Provided records |
= = = = = = =
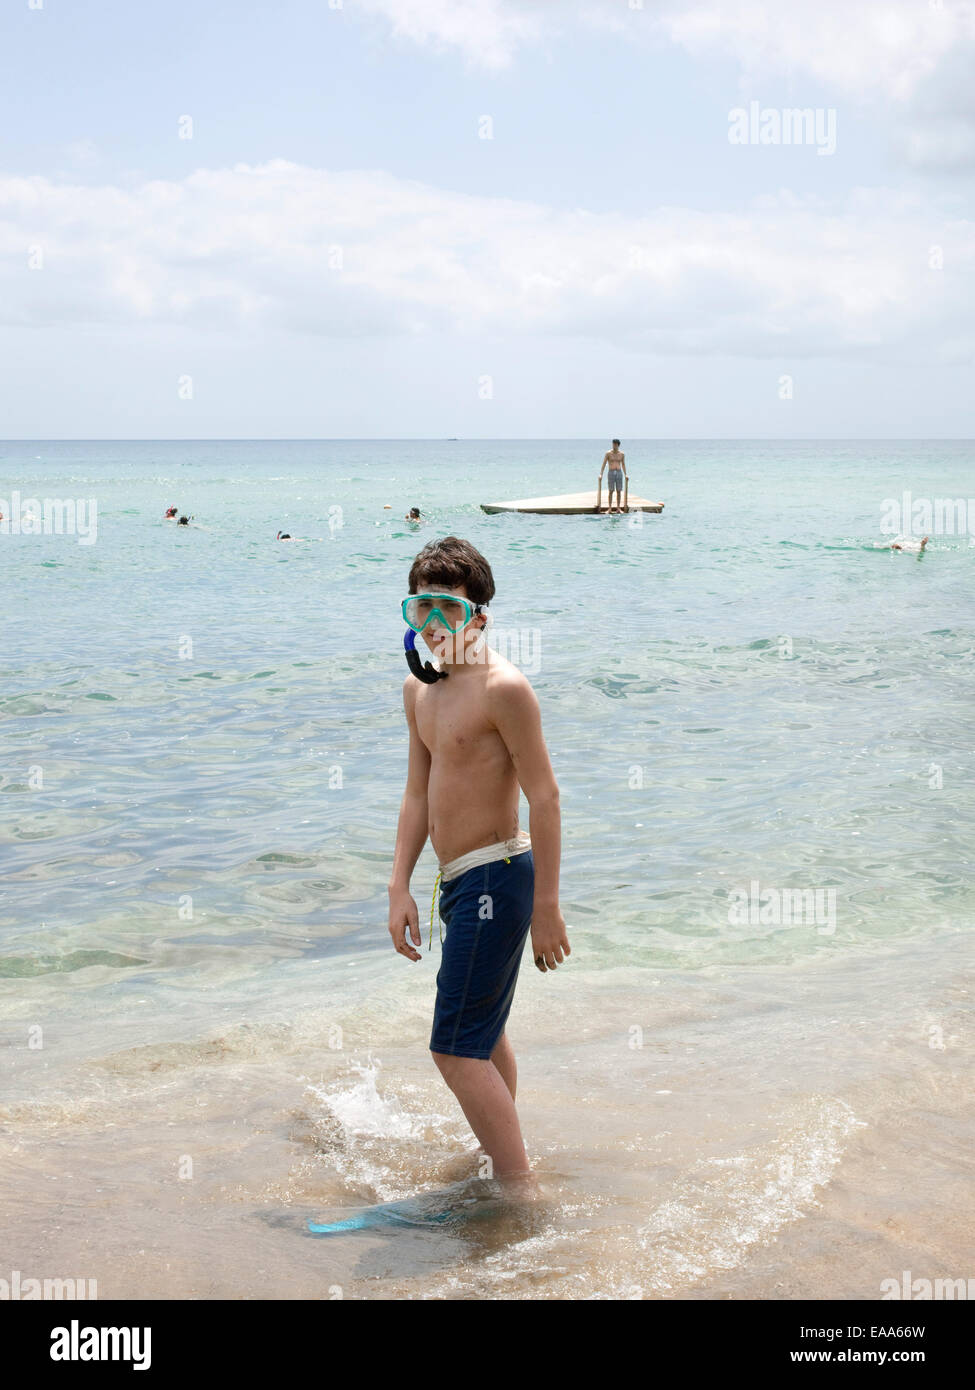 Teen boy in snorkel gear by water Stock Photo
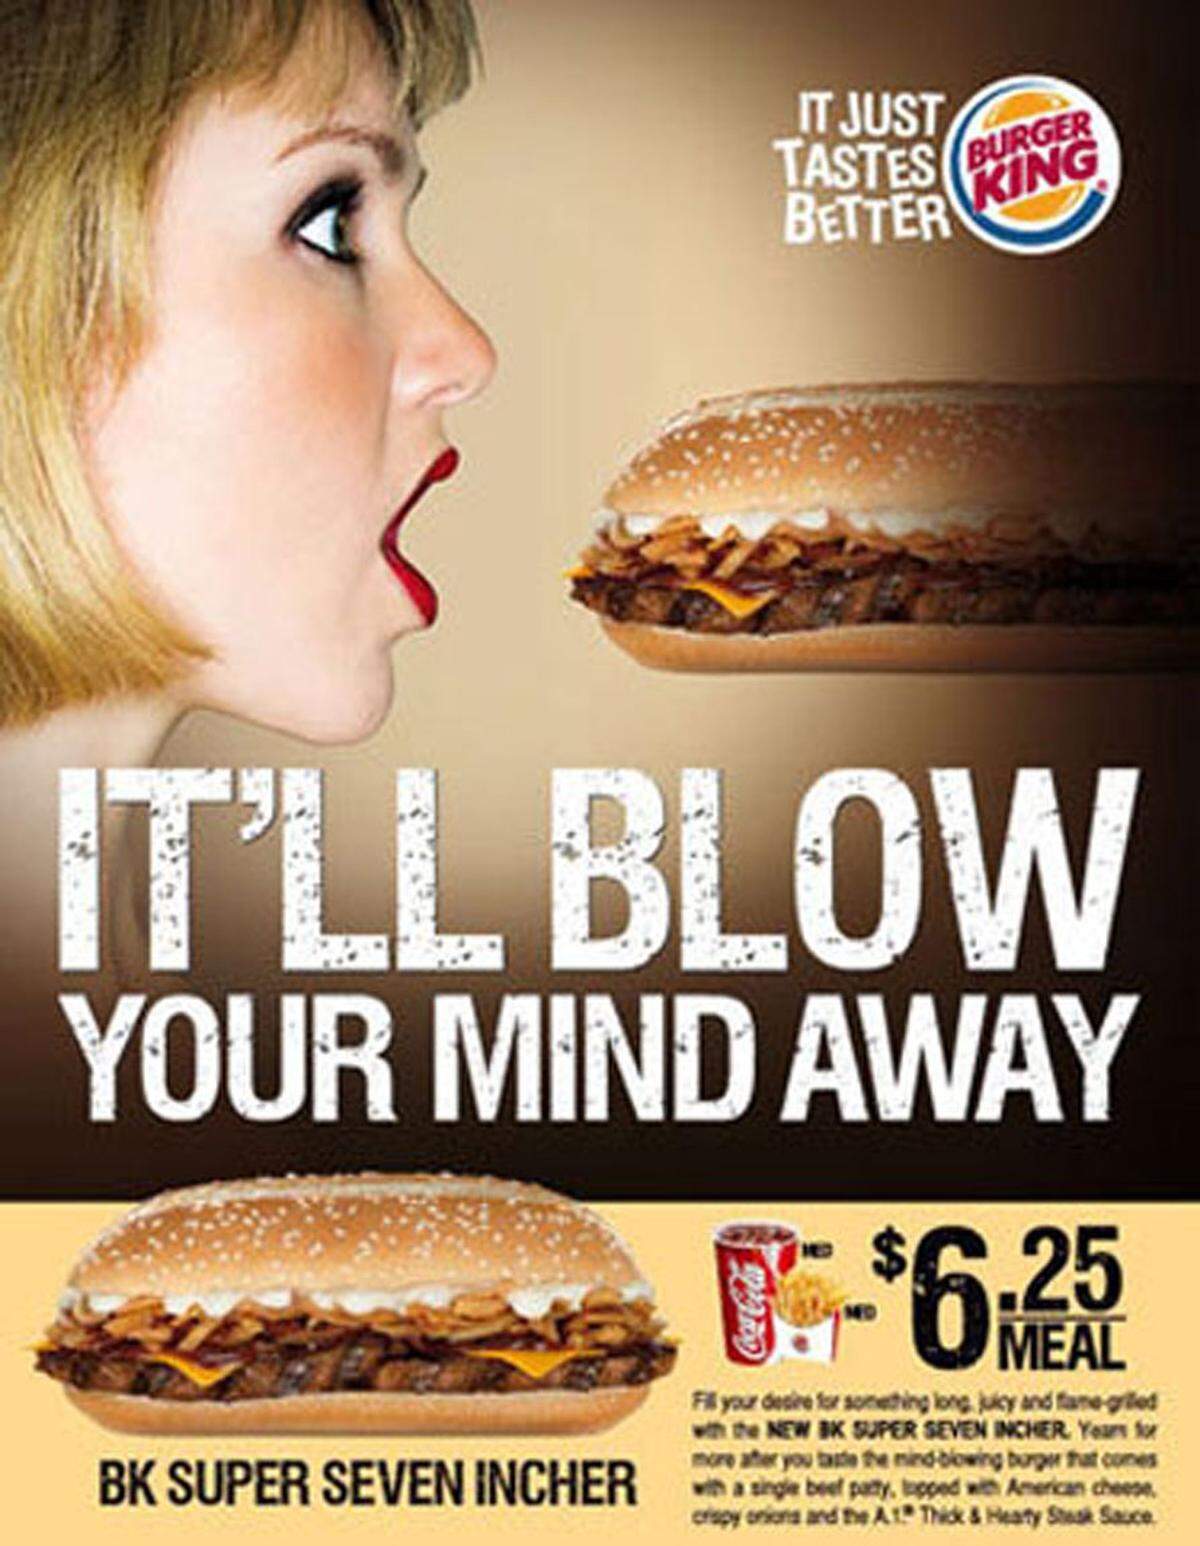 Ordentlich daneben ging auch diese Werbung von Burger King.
= = = = = = =
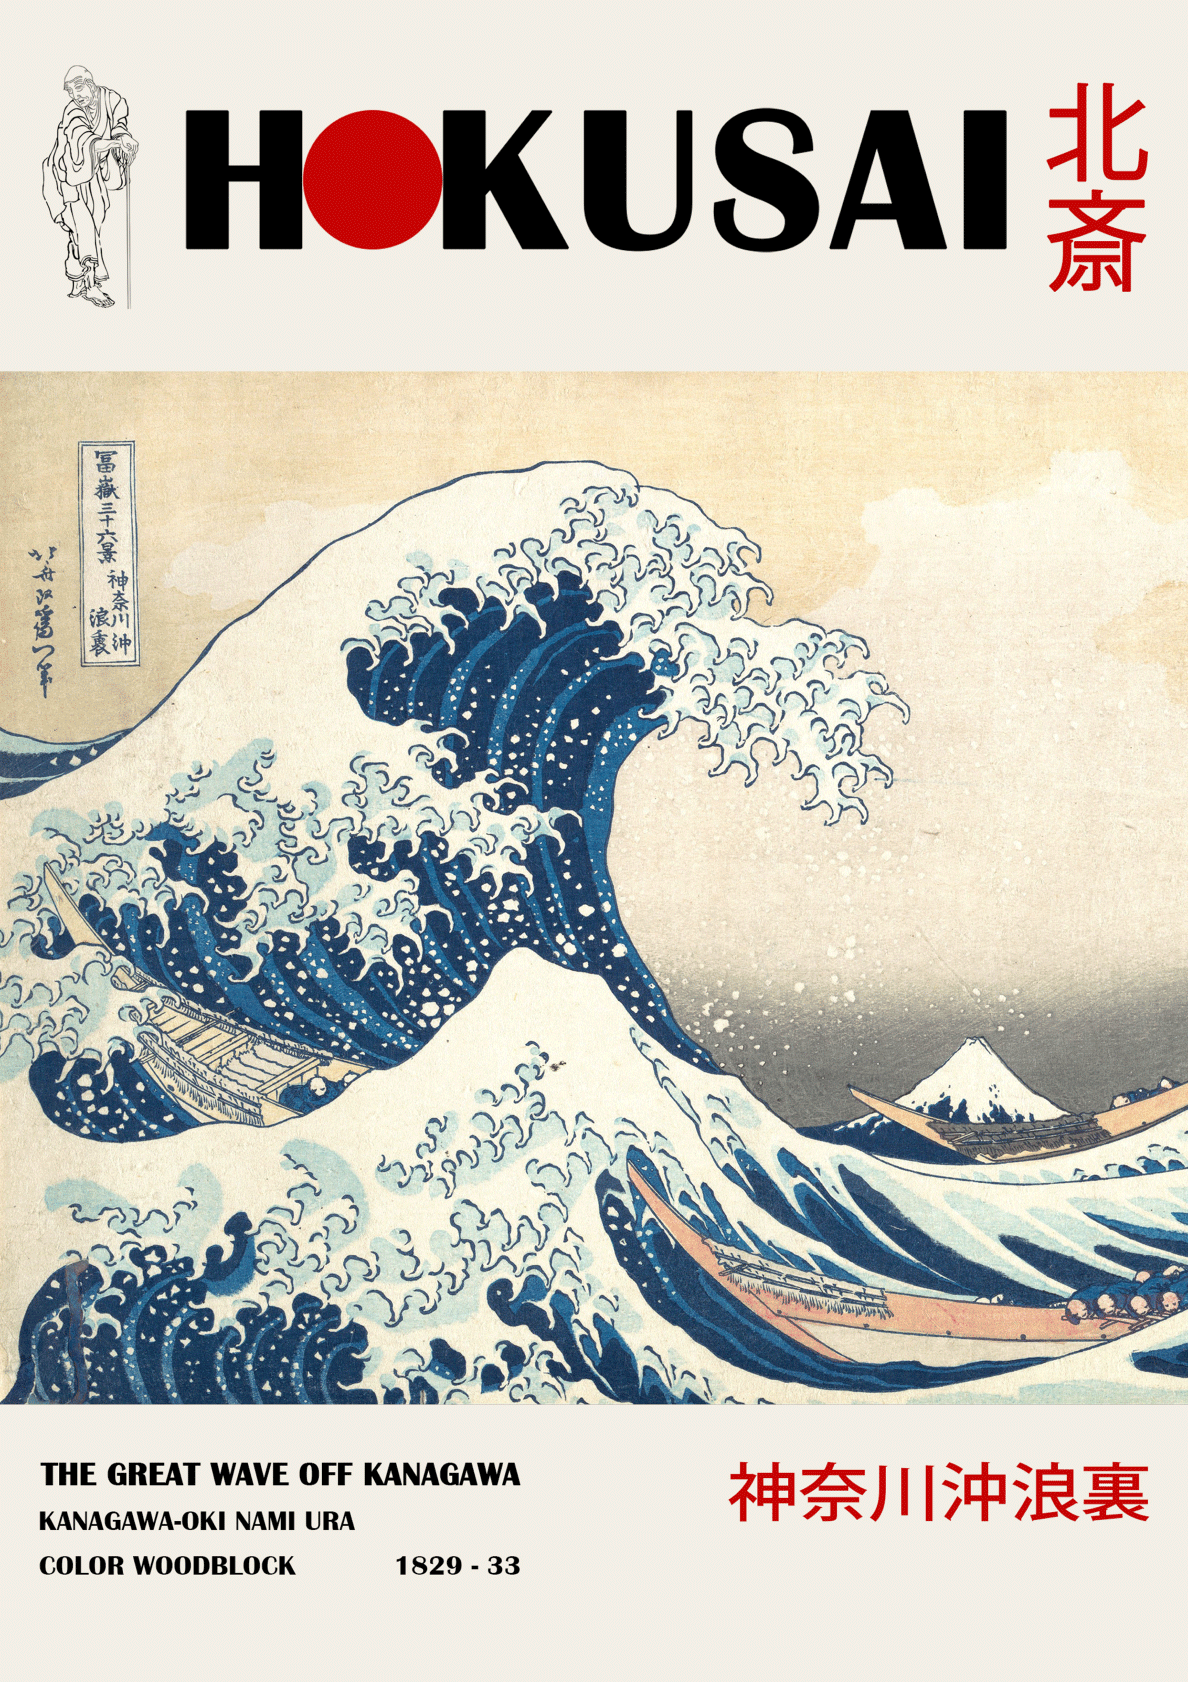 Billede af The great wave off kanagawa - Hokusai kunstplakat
= = = = = = =
Action item | In the listing above, find the line containing "Teen boy in" and the line containing "Ordentlich daneben ging", then return both of them and every line between, exactly, without pictures.

Final answer |
 Teen boy in snorkel gear by water Stock Photo
 Ordentlich daneben ging auch diese Werbung von Burger King.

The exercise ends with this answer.